On Wed, Aug 25, 2010 at 03:21:24PM -0400, [email protected] wrote:
>
> Ahoy Ben,
>
> We tow the dinghy from its (beefed-up) bow u-bolt with two lines. One line
> is the dinghy regular painter with a another line attached with a sheet
> bend to make it longer, and the other line is a hefty hunk of double braid.
>
> We attach each line to one of the corners of the big boat's transom in a V
> configuration where one would put stern dock lines. The two lines are
> about 12 feet from big boat to dink. The dink is so close that we can't
> see it from the helm, only its stern light about four feet off the water.
>
> The transom corners are about 6 feet off the water so the towing lines are
> leading up at a pretty good angle and the dink's motor weights about 130
> lbs. Perhaps these two factors lift the bow and keep the dinghy's stern so
> deep that it acts as a drag. It is also in the prop wash pushing it away
> from the big boat too.
That's pretty similar to what I've been doing: I use a 60' ski towrope
to extend the painter, then pass two 100' polypro (floating) lines
through the bow-eye and aft to the stern u-bolts. I then attach the long
lines to my stern bollards and secure the ski rope to the eye in the
middle of the bog boat's stern. There's enough slack in the long lines
that they don't come under load, so I'm towing the dinghy by the
bow-eye.
In most types of weather, it's just fine. However, when I'm sailing in
relatively light winds and developed following seas, the dinghy surfs
down the wave faces and shoots for the stern, or sheers off sharply and
gets sideways, at which point it gets jerked straight when the tow rope
comes tight. Not a pretty sight. To me, anytime I see gear being racked
and strained like that, there's *something* wrong with the basic
idea/design - but I haven't figured out how to fix that yet.

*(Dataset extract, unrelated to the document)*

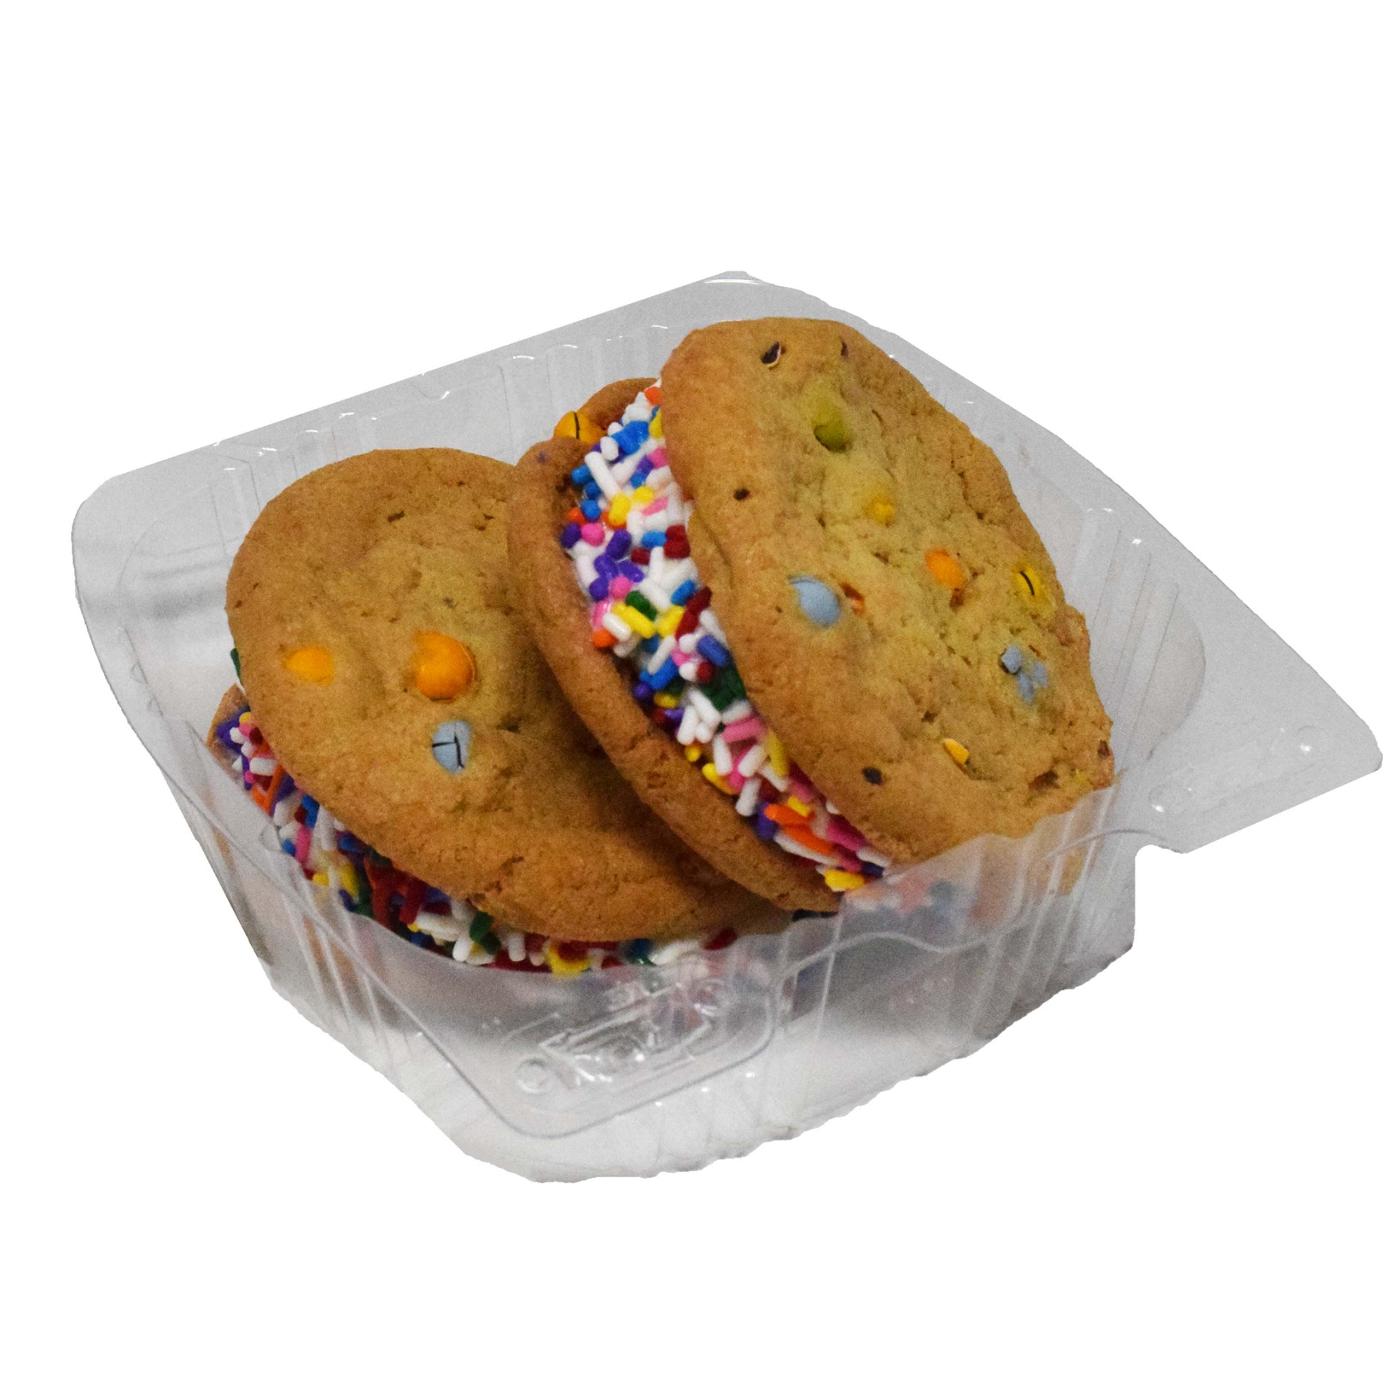 H-E-B Candy Cookie with Vanilla Ice Cream and Sprinkles Sandwich; image 1 of 2

I've tried towing the dinghy stern-first on a very short lead; again,
any kind of following seas slam it from side to side, and the chafing of
the tubes on the stern sounds terrible. For the moment, towing on a long
lead is about as good as I can find - which, to my mind, isn't very good
at all. Much sloppier than I like my seamanship to be. :((( The only
improvements I can come up with require building either a stern platform
or davits. I like both ideas, but I've got *way* too many projects on
hand right now to add another major one...
> Do you mean the safety line is from each of Penelope's stern quarters to
> Ulysses, or from the Penelope's bow eye to Ulysses' stern quarters?
It's both, actually, and led through the bow-eye with some slack in them.